- DATA SHOWN:
== == ==

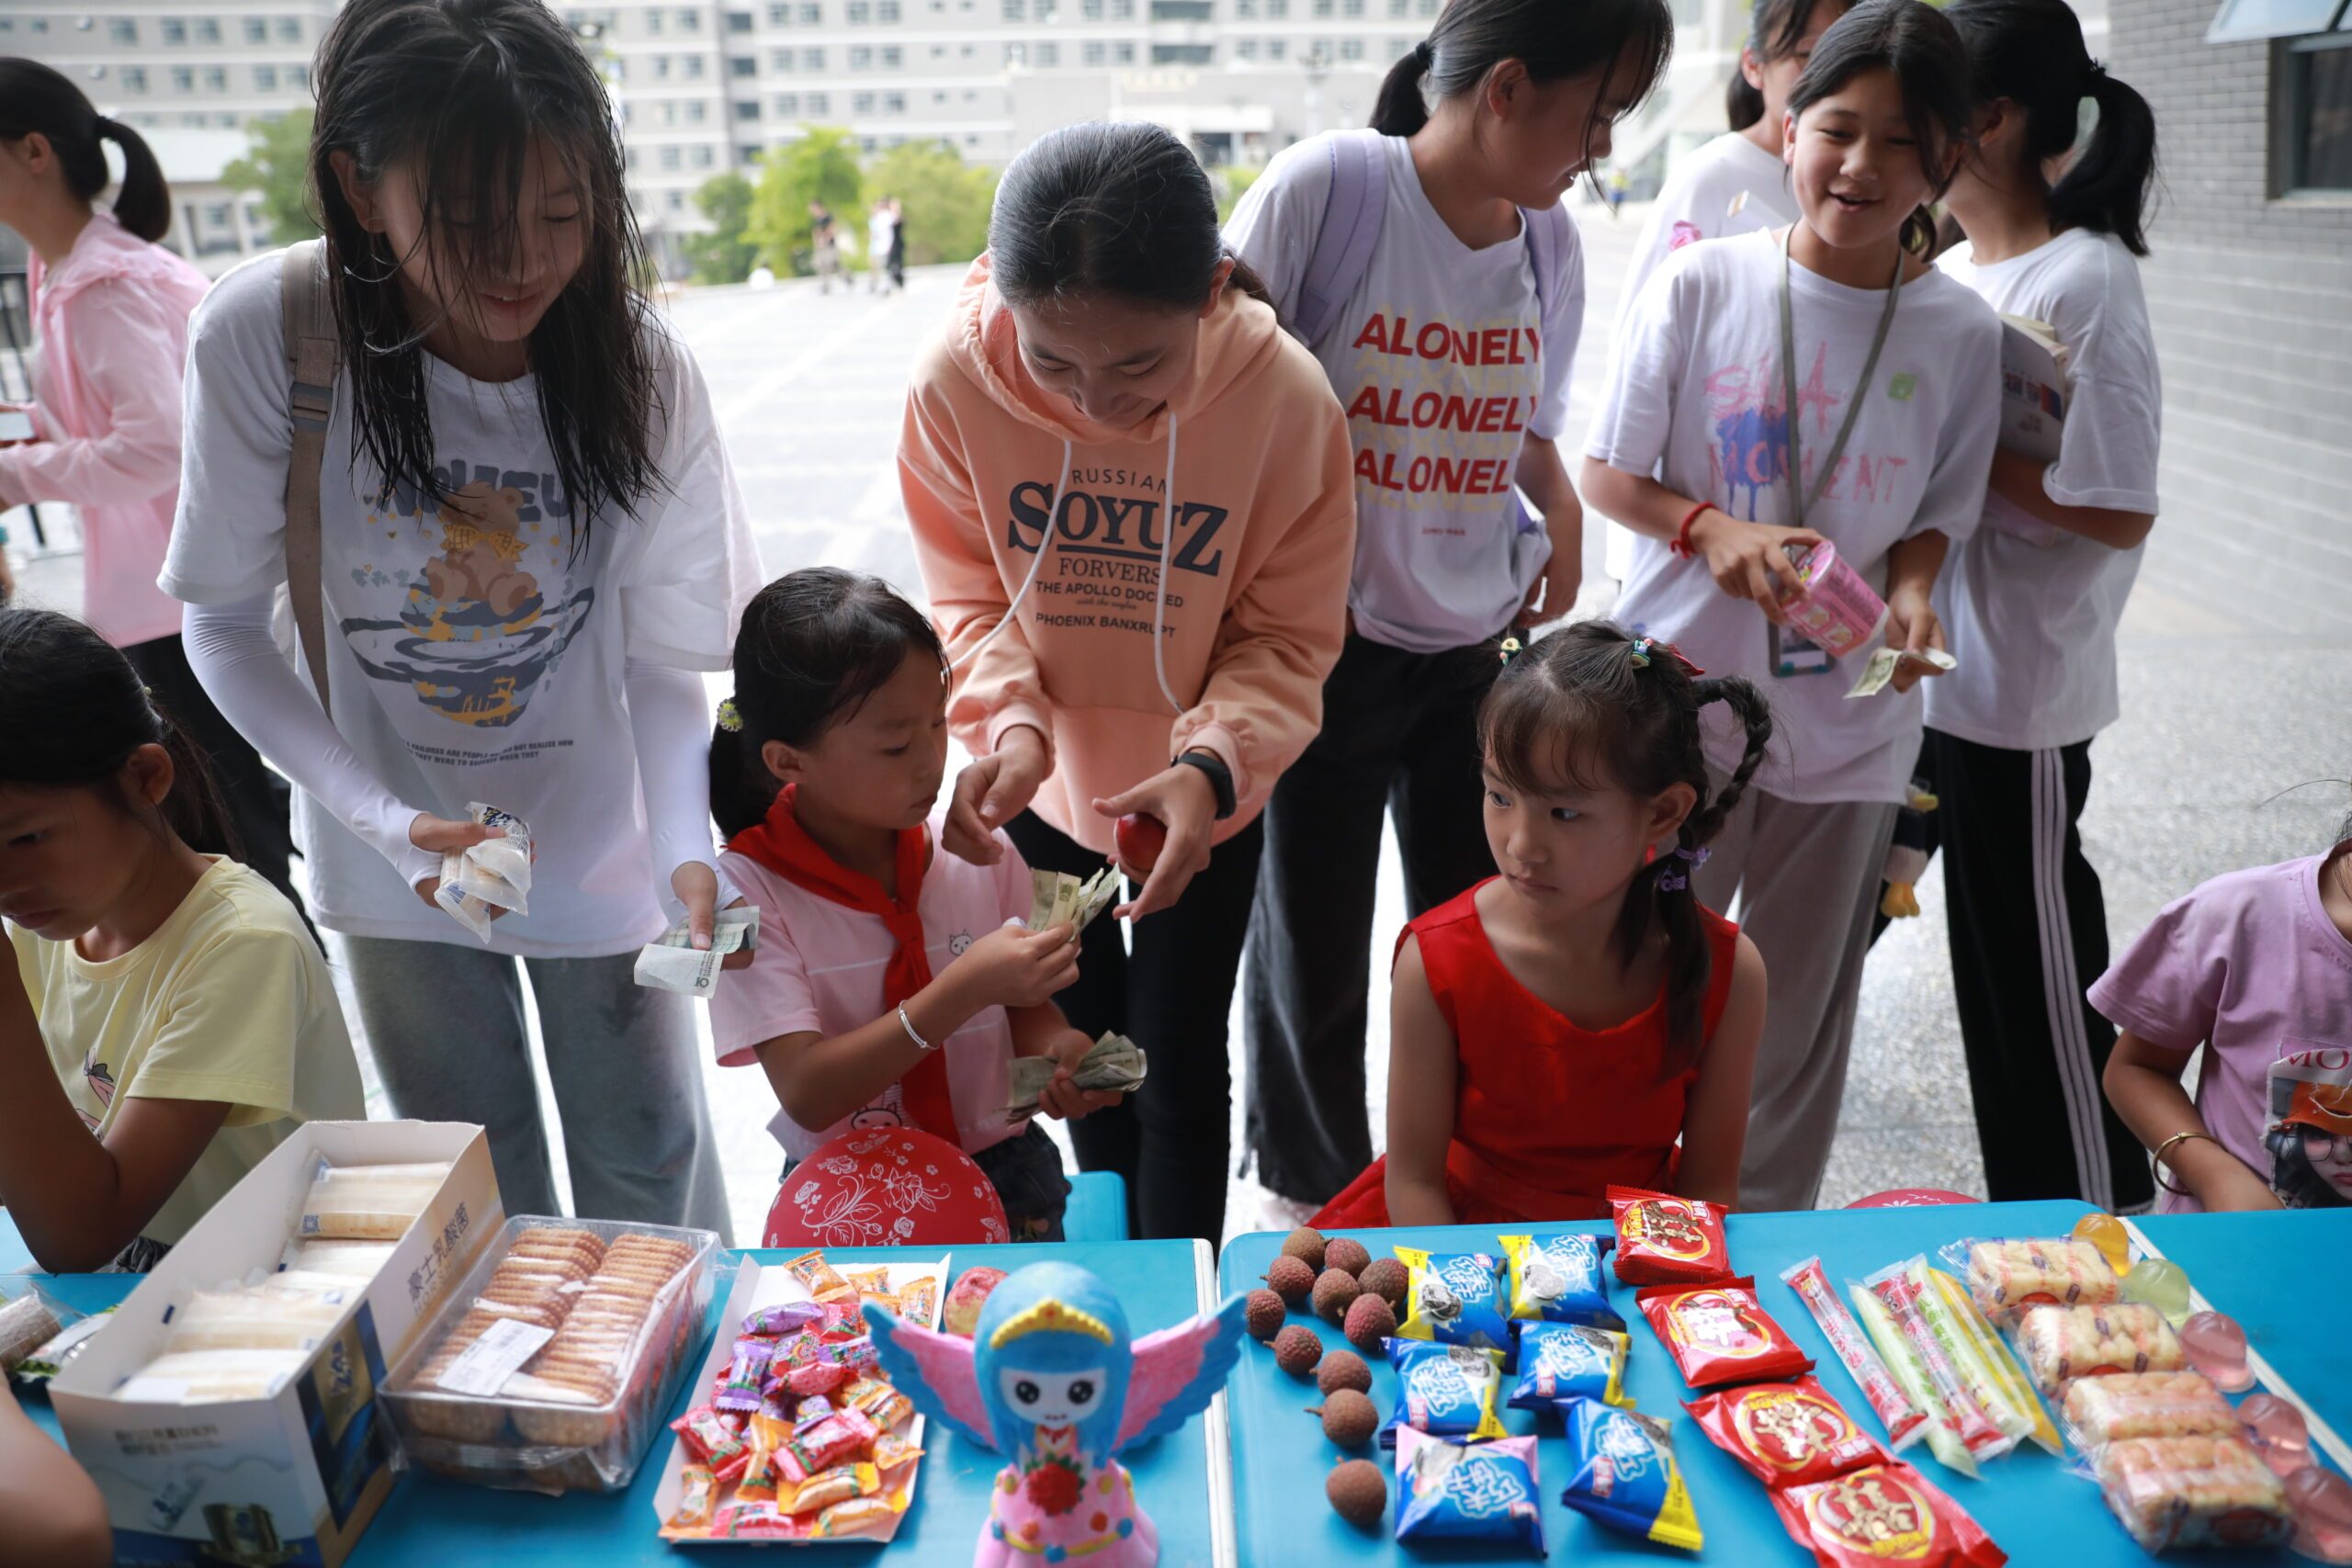 Children selling their products to others at school
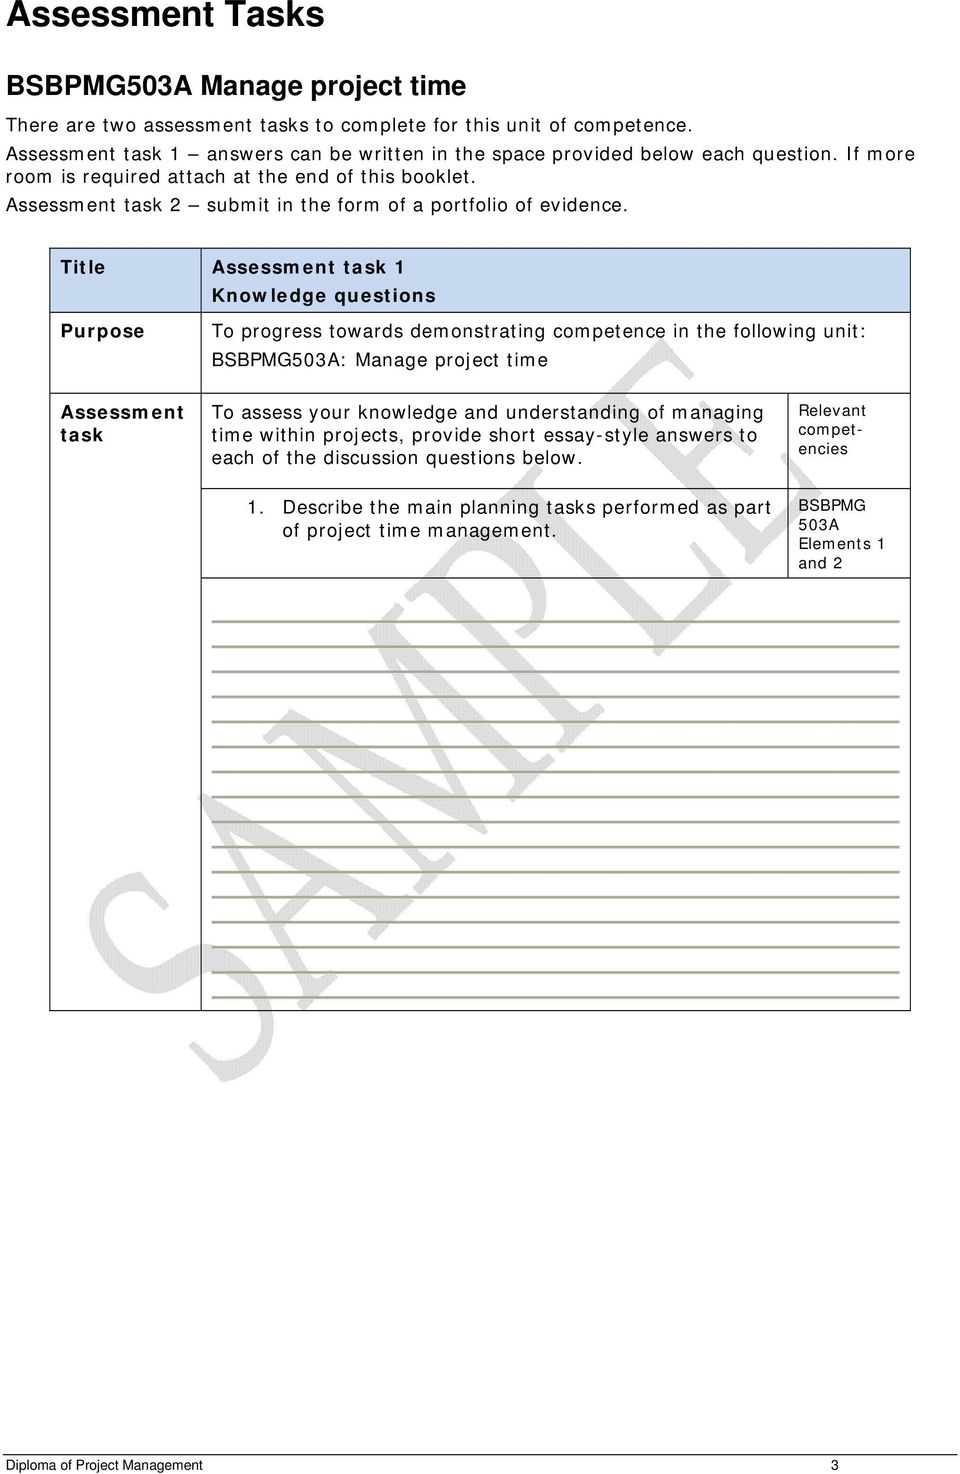 Title Assessment task 1 Knowledge questions Purpose To progress towards demonstrating competence in the following unit: : Manage project time Assessment task To assess your knowledge and
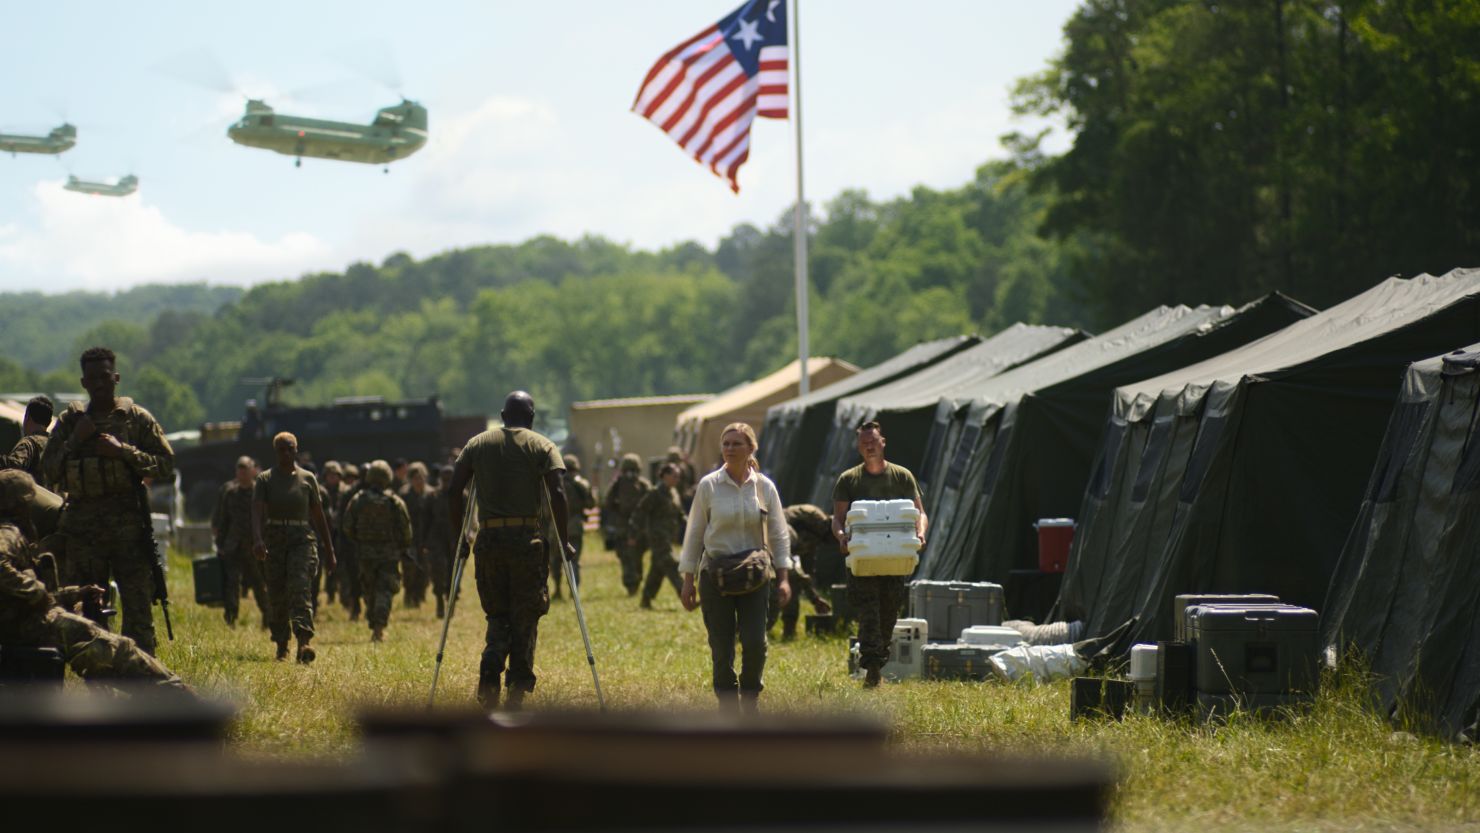 Kirsten Dunst, center, plays a photojournalist in "Civil War." The movie topped the US box office in recent weeks.

== == ==

- WORK TASK: Nothing but the lines from the line with "Title Assessment task" through the last line of the data above should be printed, exactly as written and without pictures.

- OUTPUT OF THE EXERCISE:
 Title Assessment task 1 Knowledge questions Purpose To progress towards demonstrating competence in the following unit: : Manage project time Assessment task To assess your knowledge and
 Kirsten Dunst, center, plays a photojournalist in "Civil War." The movie topped the US box office in recent weeks.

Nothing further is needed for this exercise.